> Exercise aim:
Lines before the one containing "Feb 2, 2014: Super" are not copied; that line and every one after it, through the end of the material below, are printed exactly, without pictures.

> Provided data:

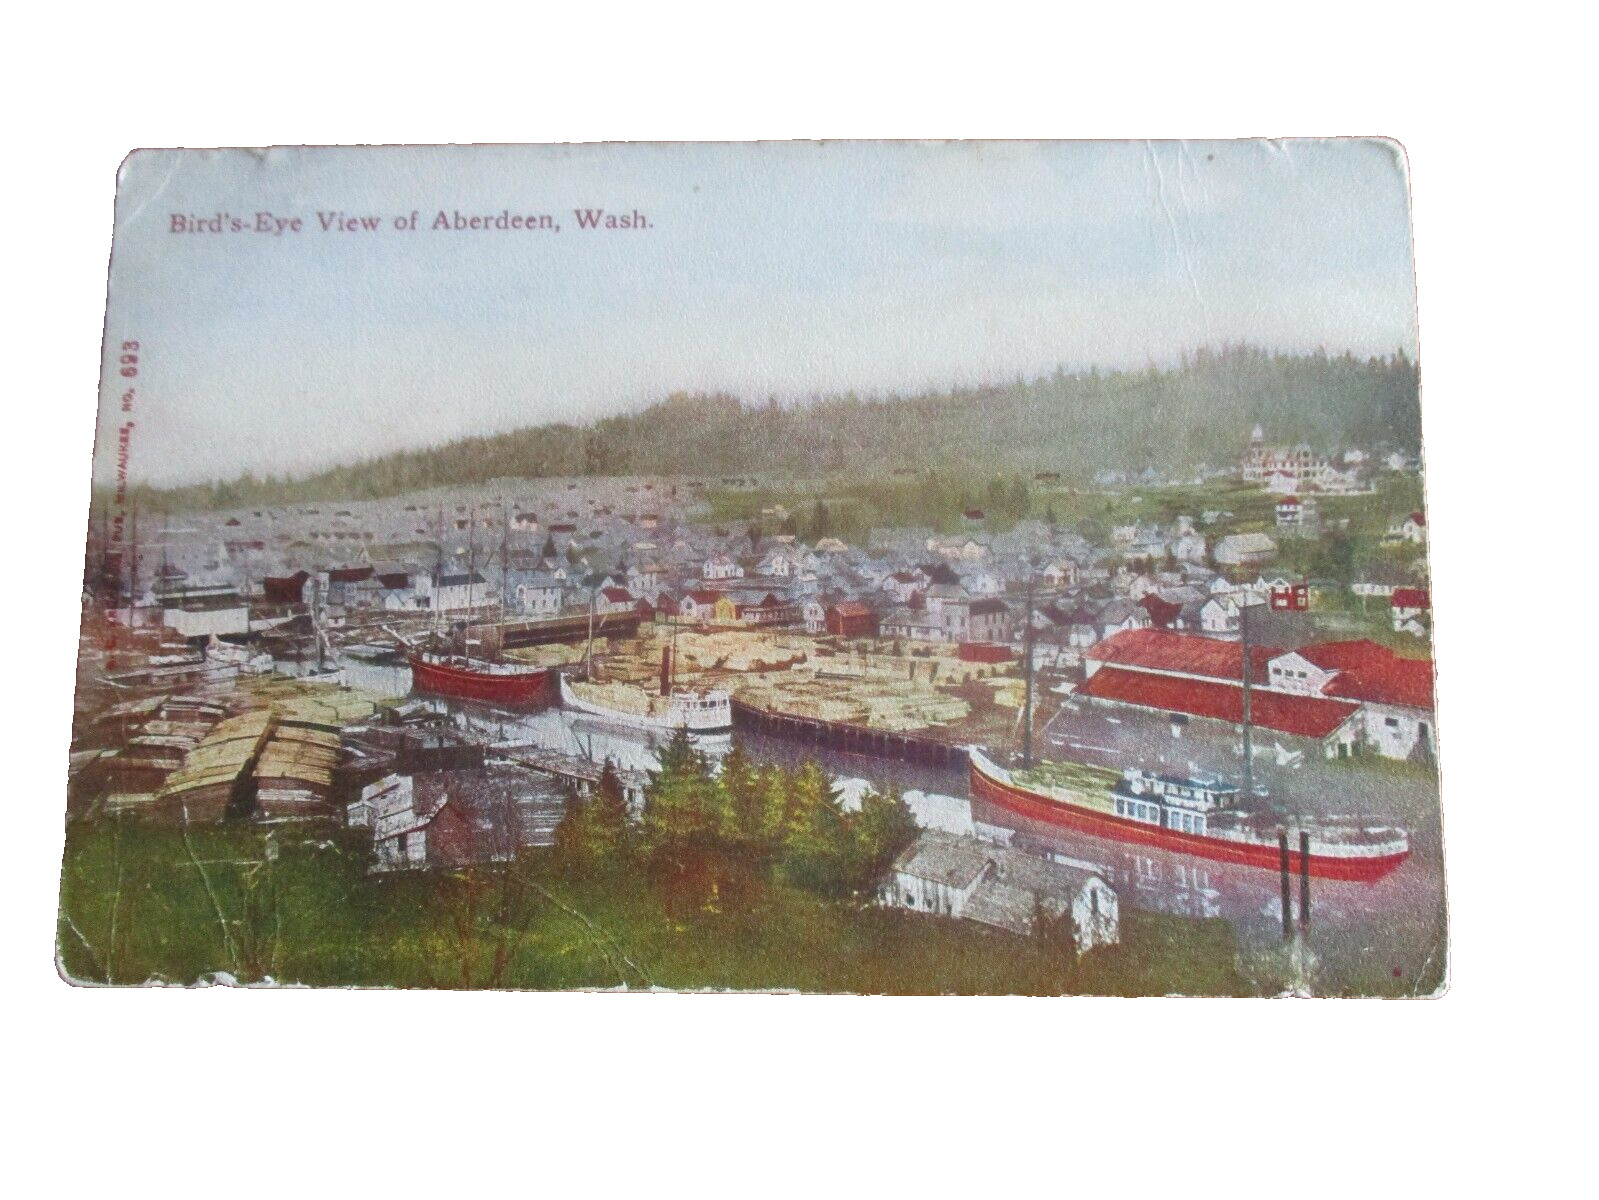 Aberdeen, Wash. Postcard Unposted Ships Loaded with Lumber
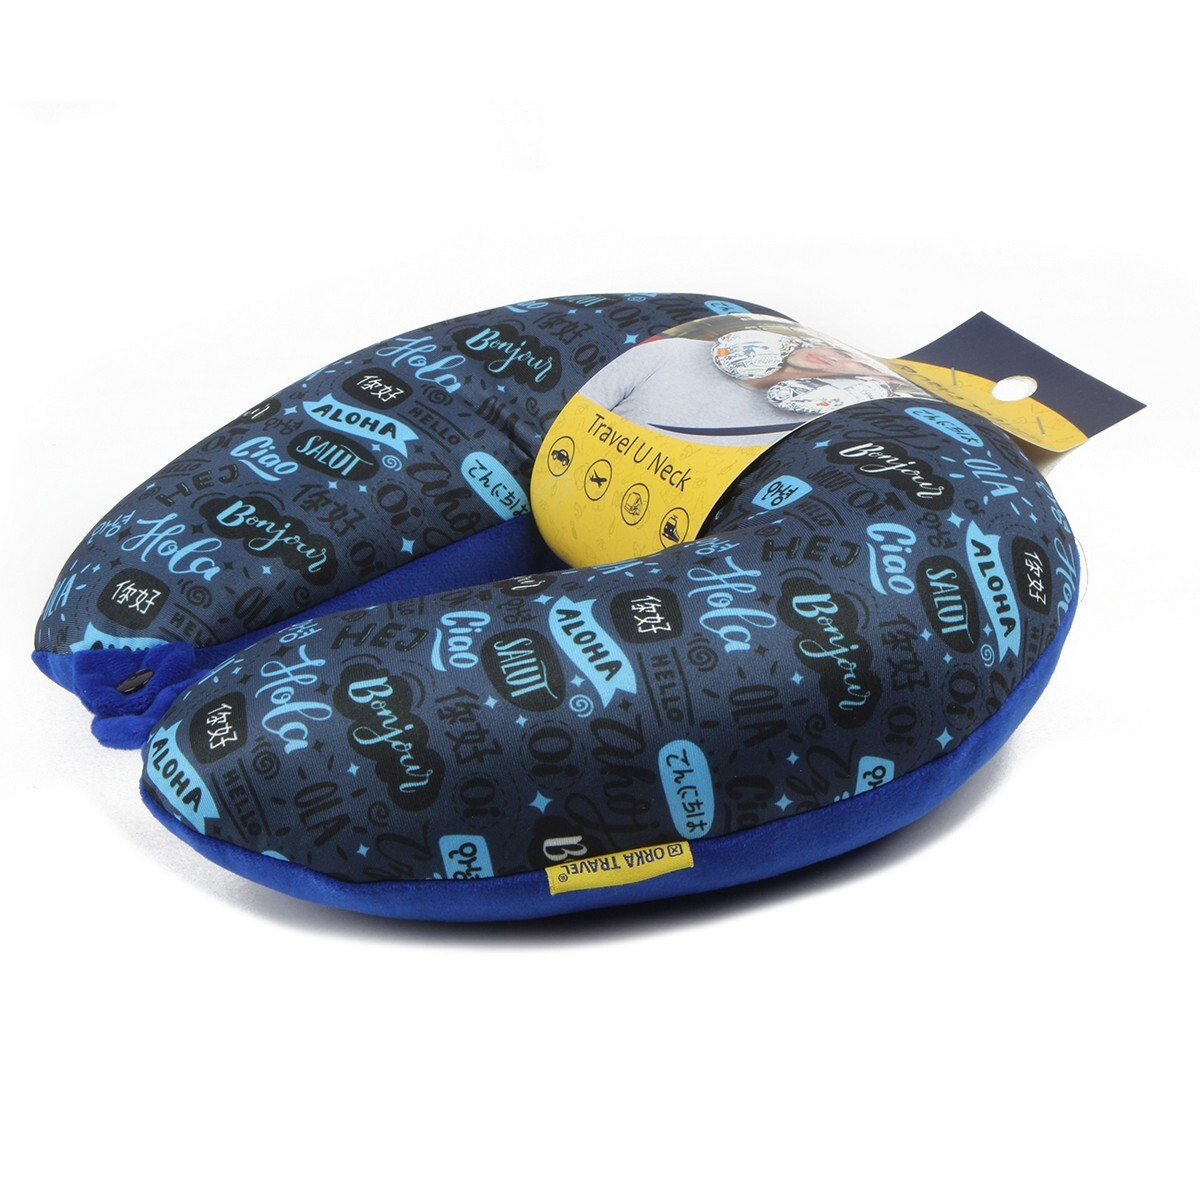 Orka Travel Neck Pillow Printed
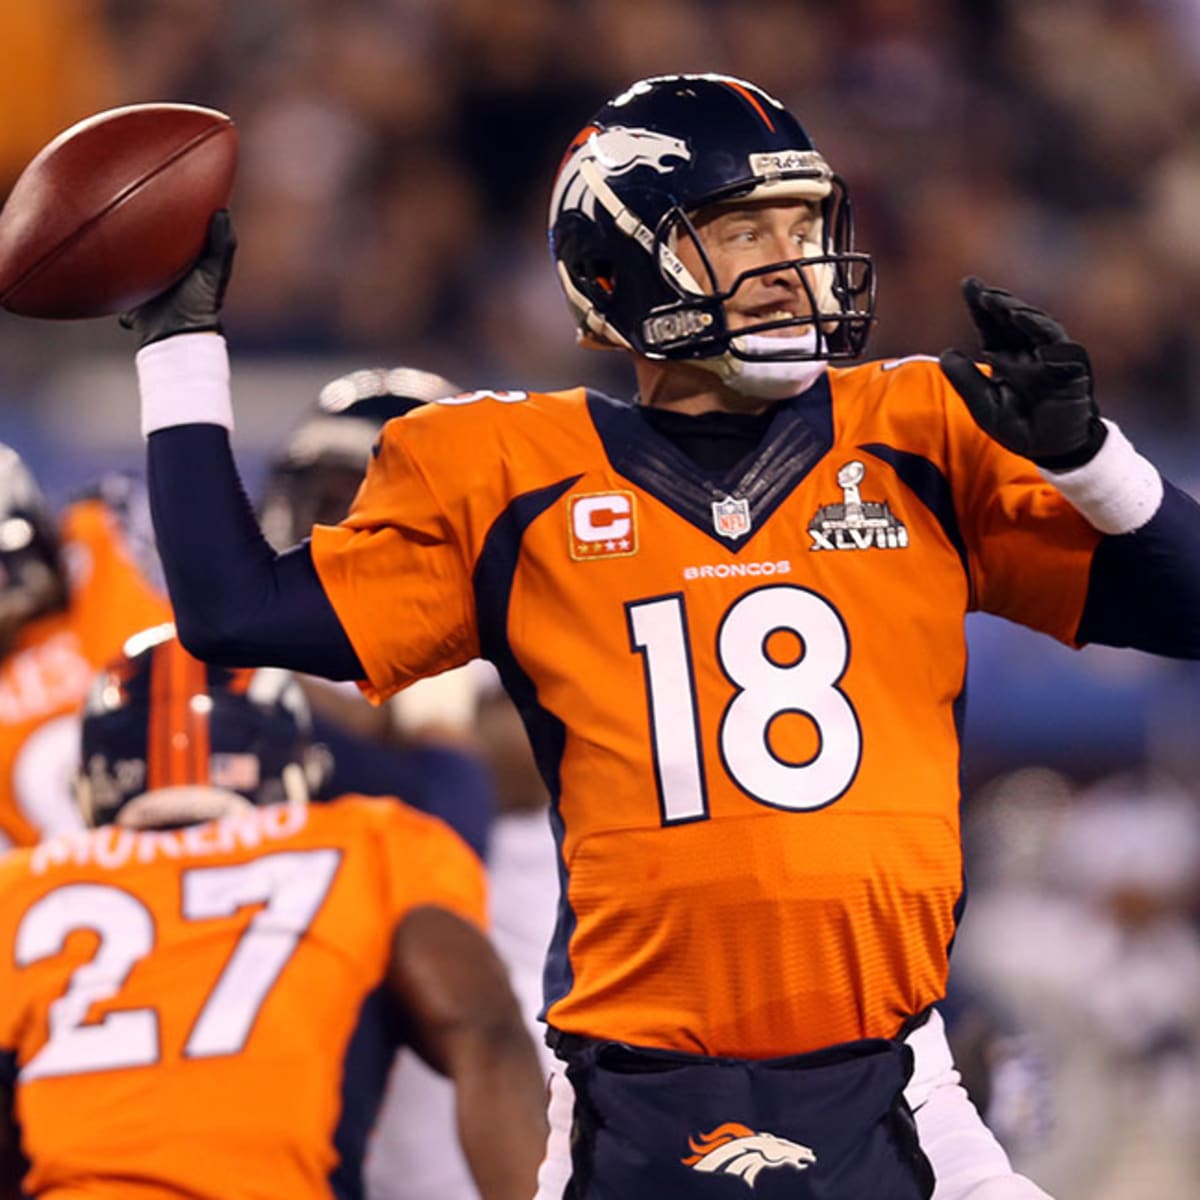 Feb 2, 2014: Super Bowl XLVIII. Tell us your most memorable moment
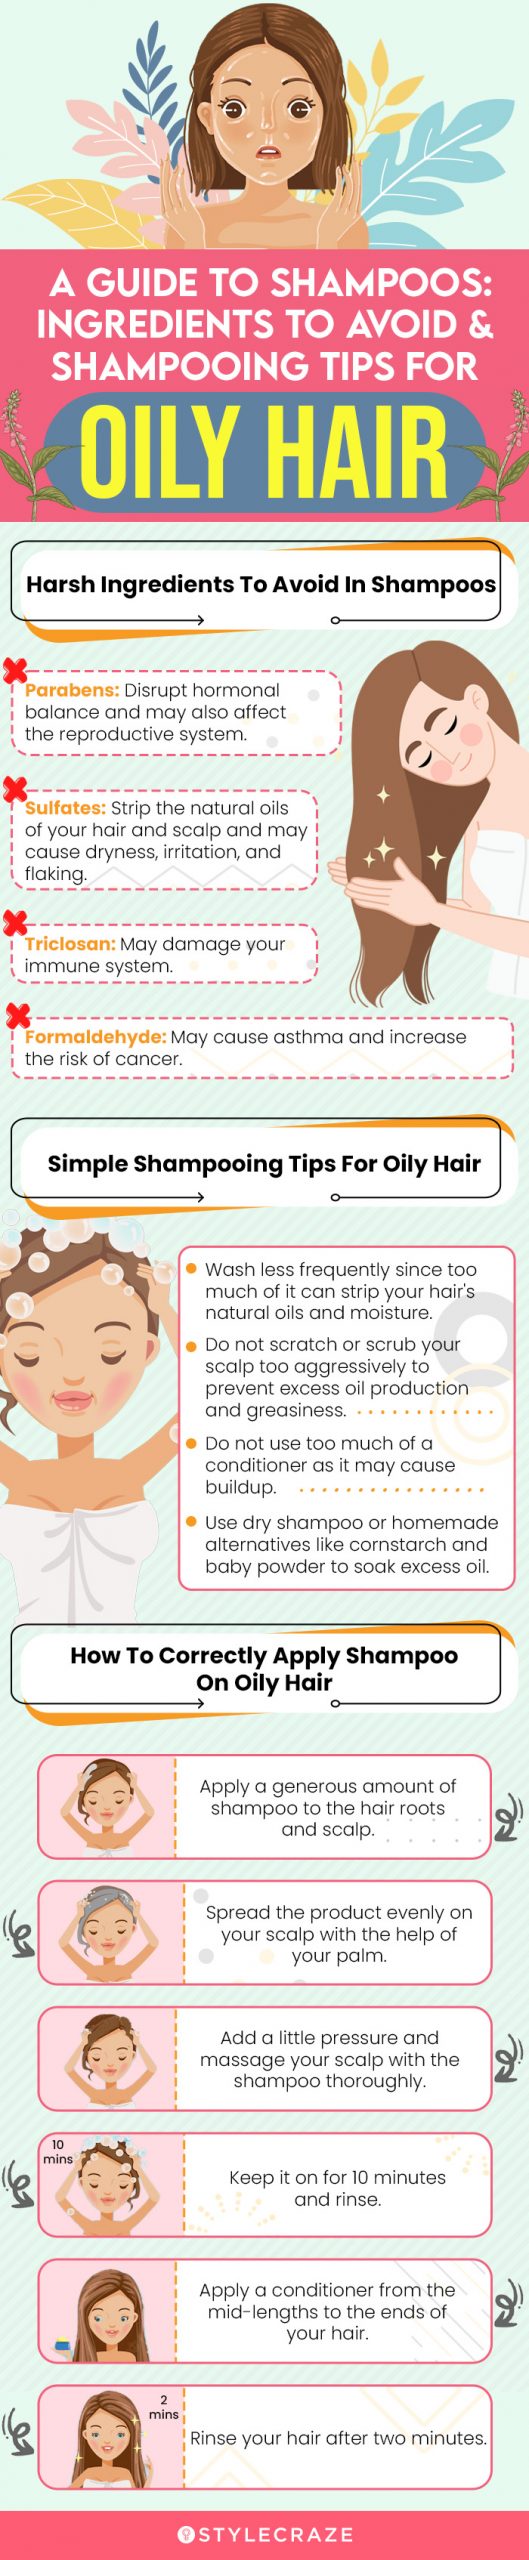 Ingredients To Avoid & Shampooing Tips For Oily Hair (infographic)

> Result below:
 Feb 2, 2014: Super Bowl XLVIII. Tell us your most memorable moment
 Ingredients To Avoid & Shampooing Tips For Oily Hair (infographic)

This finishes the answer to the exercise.